Code loops through features, calculates mean and std dev for each column, store these values in a dictionary as a tuple. Use data.loc[:,each] to perform calculation for every row of the looped column.
How to assign features and targets
create list of target fields, then use .drop method to remove these from data set, assigning dropped fields as targets and remaining fields as features
how to split the feature and target data into train_features, test_features, val_features, val_targets
Just slice the data and assign to variables. The pic is selecting various rows since there is no comma, just the last amount of rows or the first amount of rows
How do you line up the features with targets
zip the two data sets
How to implement SGD
create batches(which are just an array of index values from the data set) via np. random.choice.
Using this batch(list of index values), select rows(batch) and all columns from train_features and train_targets
During Training, how do you get a vector of features as input
During SGD, you create a batch which is an index of values used to select data from train_features and train_targets. well call the features data a matrix of 128 rows by 56 columns and the targets a vector of 128 values.

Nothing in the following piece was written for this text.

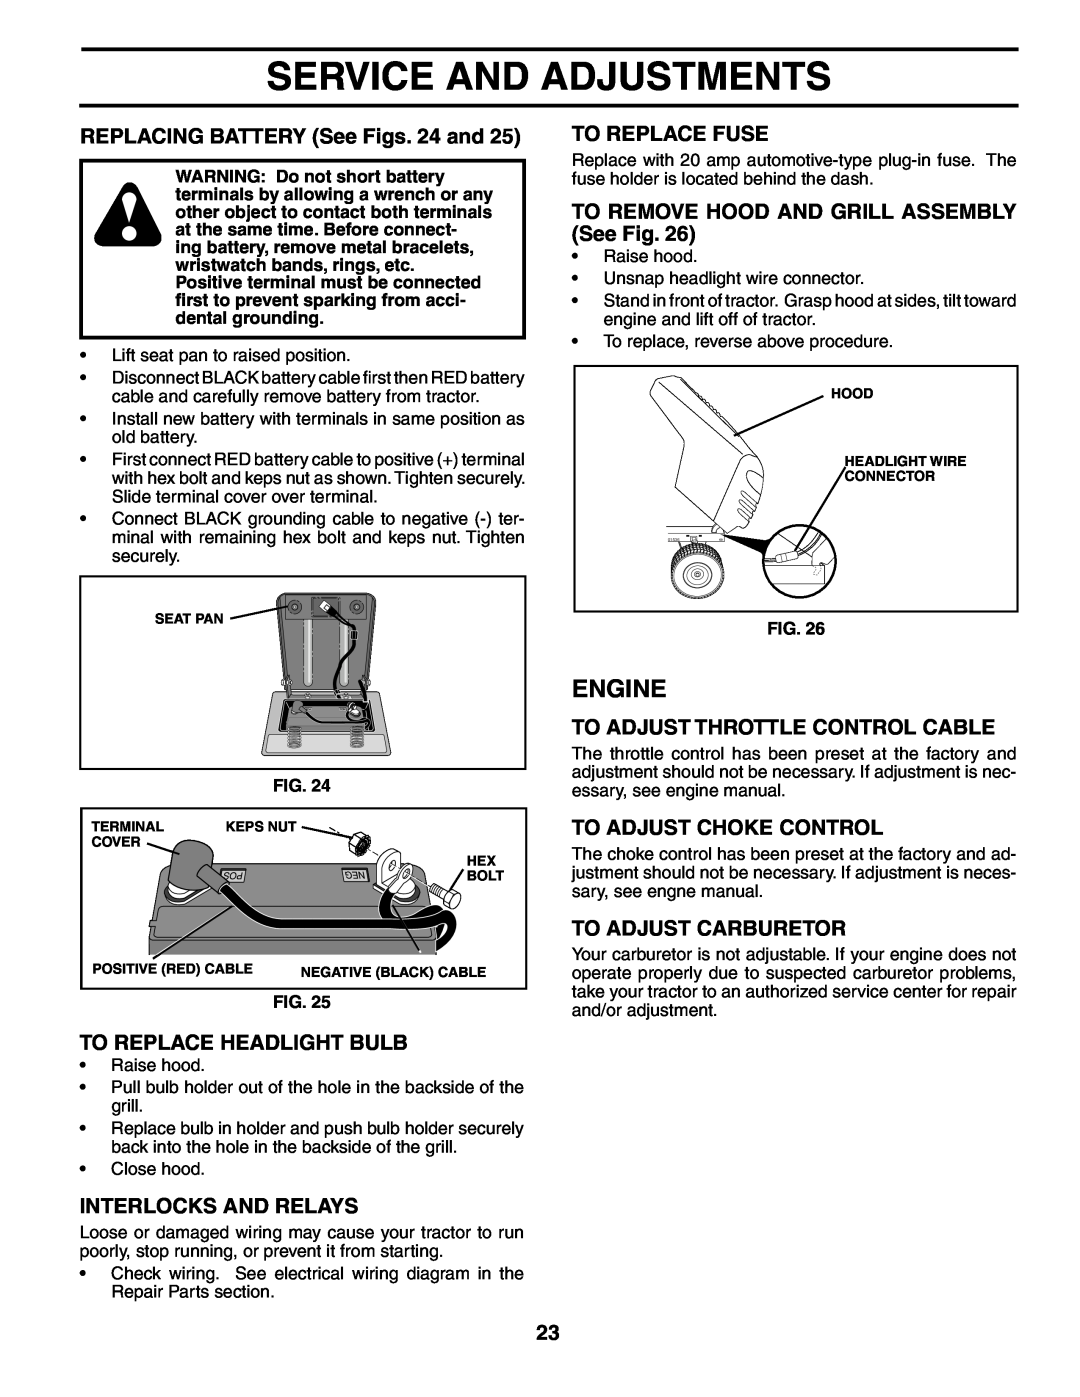 Weed Eater 96016001400 manual REPLACING BATTERY See Figs. 24 and, To Replace Headlight Bulb, Interlocks And Relays, Engine 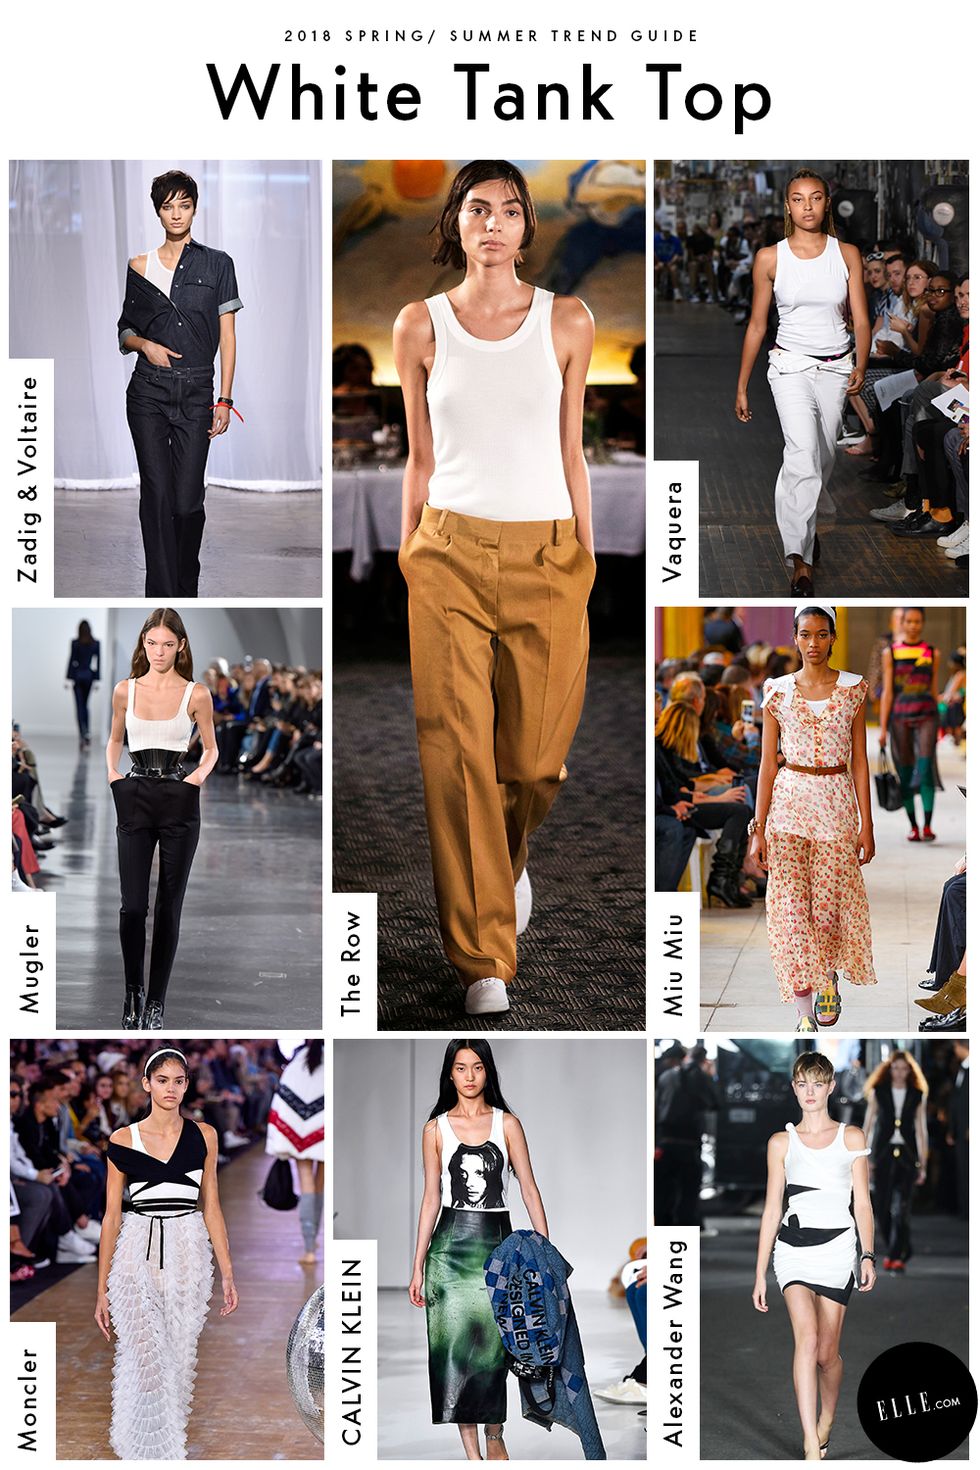 Top 20 trends for Spring/Summer 2015

In order to get a vector of feature values to input into the neural network, you zip the train_features with the train_targets and assign the result to an X, y variable. Now the X variable is a single vector of 56 features with a target of 1 value.
- Create batch of random index values
- Select data using batch
- Zip data with targets
Basic idea of K-Fold Cross Validation
- Avoid separating test data that is never used while at the same time not cheating(overfitting)
- Break data into k buckets, train k times and each time use a new bucket as the test bucket while training on the others
- Average results